Oxytocin is a peptide composed of nine amino acids linked by a disulfide bond — it is completely degraded by proteolytic enzymes (pepsin, trypsin, chymotrypsin) in the gastrointestinal tract within minutes of ingestion. The molecule never reaches systemic circulation intact when taken orally. Nasal administration bypasses the digestive system entirely, delivering the peptide via extracellular nerve pathways directly to cerebrospinal fluid. Oral oxytocin supplements are biologically inert.

Can nasal oxytocin cause side effects even at research doses?▼

At standard research doses (18–40 IU), nasal oxytocin produces minimal systemic side effects because CNS delivery occurs before significant peripheral circulation. Rare reported effects include mild headache, nasal irritation, and transient facial flushing. Doses exceeding 40 IU increase the risk of peripheral oxytocin effects — uterine cramping in females and mild hypotension — though these remain uncommon. Individuals with cardiovascular conditions or those who are pregnant should avoid oxytocin administration entirely due to smooth muscle effects.

How should I store reconstituted oxytocin nasal spray?▼

Store reconstituted oxytocin at 2–8°C (refrigerated) in an opaque container to protect from light degradation. Properly stored, bacteriostatic saline-reconstituted oxytocin retains 95% potency for 28 days. After 28 days, discard the solution regardless of appearance — peptide degradation accelerates beyond this point even under ideal conditions. Never freeze reconstituted peptide solutions; freeze-thaw cycles break disulfide bonds and destroy biological activity irreversibly.

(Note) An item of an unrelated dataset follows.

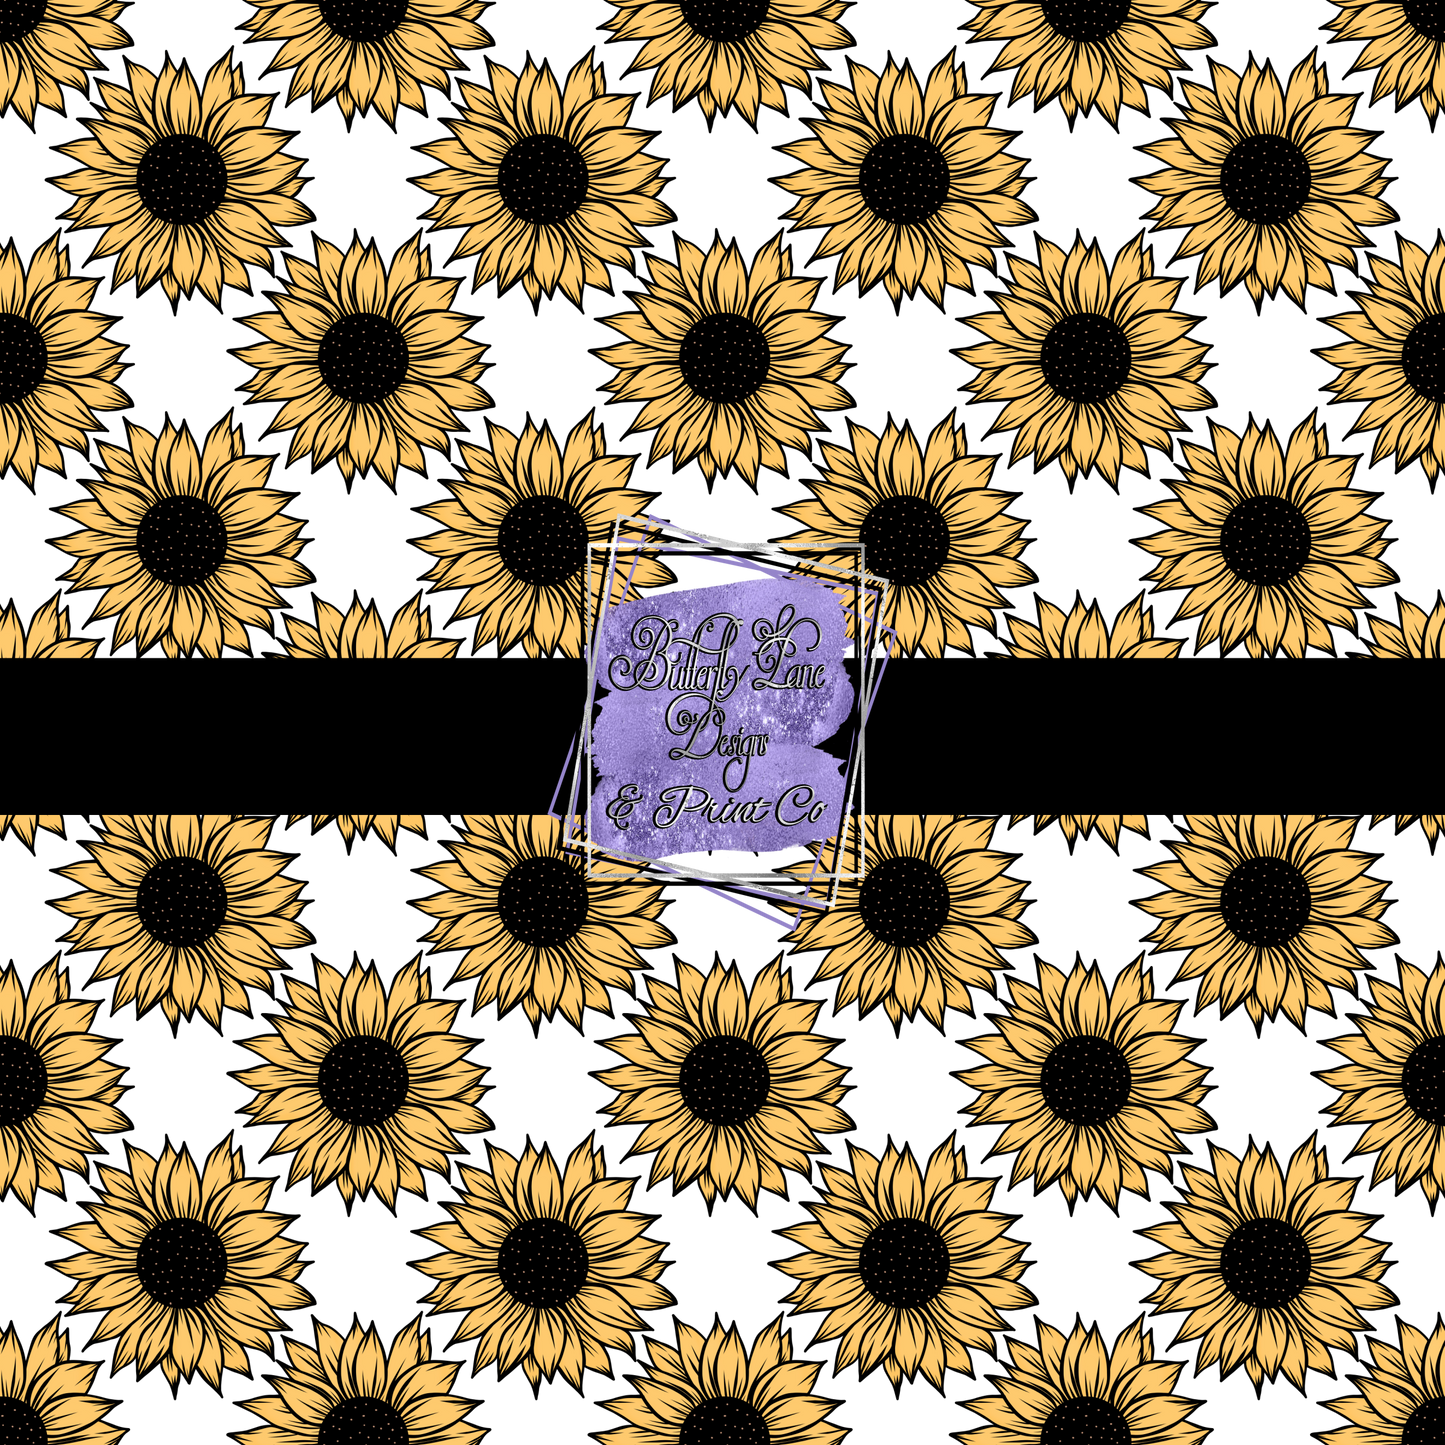 Sunflowers-Protect your peace PV 481- Patterned Vinyl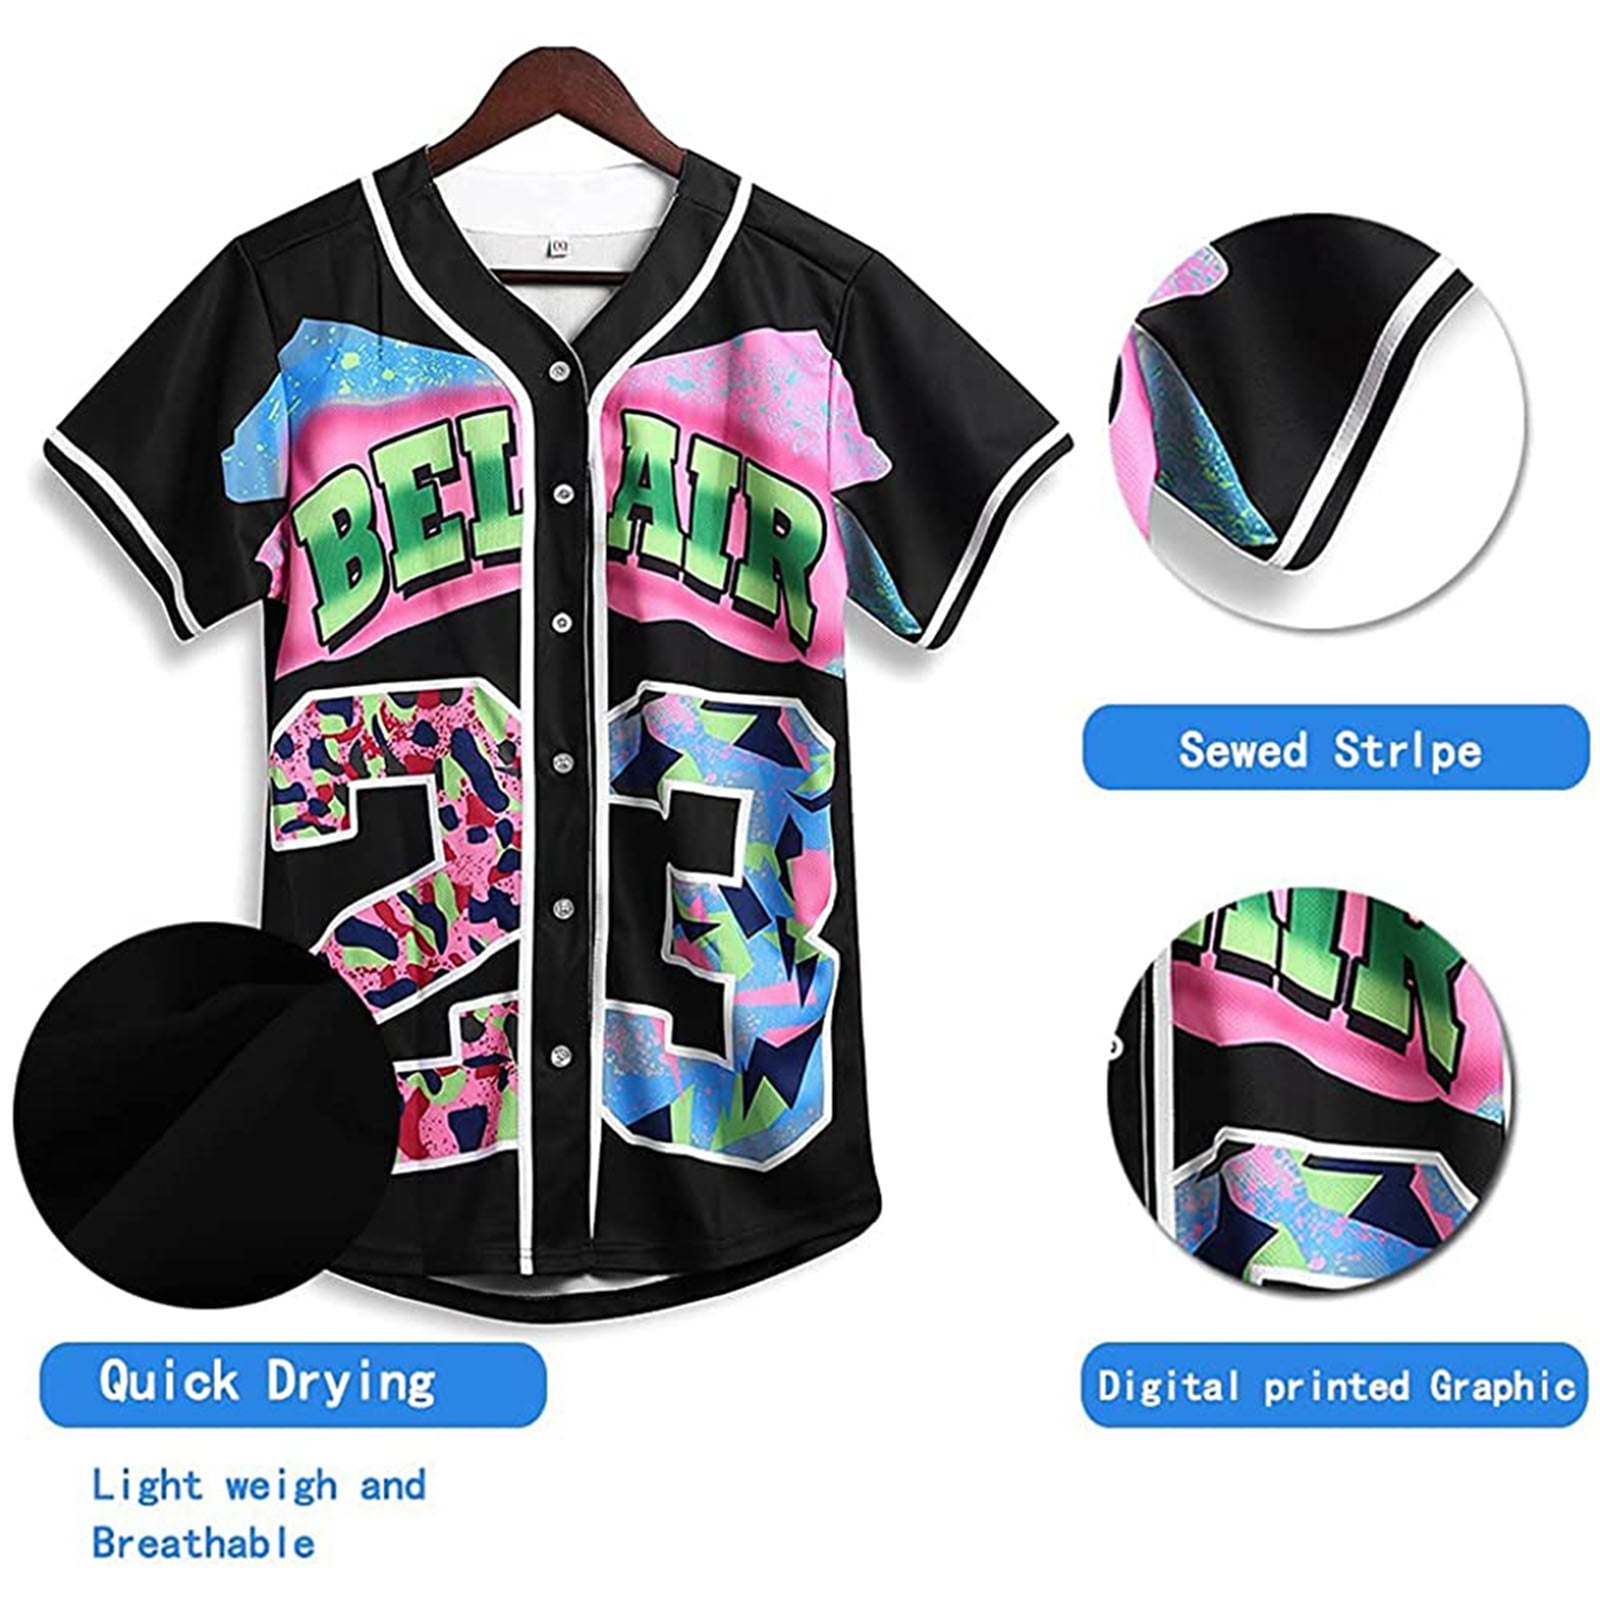  Baseball Jerseys 90s 80s Retro Shirts, Unisex Short Sleeve Baseball  Shirts, Hip Hop Outfit, Button Down Sports Uniforms for Party, Club and Pub  I011C-Yellow-M : Sports & Outdoors

Does nasal oxytocin work for everyone, or are there non-responders?▼

Genetic polymorphisms in the oxytocin receptor gene (OXTR) influence receptor density and binding affinity, creating variability in individual response to exogenous oxytocin. Some individuals may show minimal behavioral response due to low CNS receptor expression or downstream signaling differences. Additionally, baseline endogenous oxytocin levels and prior social experiences modulate sensitivity to exogenous administration. Not all individuals respond uniformly — this is a known limitation in oxytocin research and underscores the importance of controlled study designs with objective outcome measures.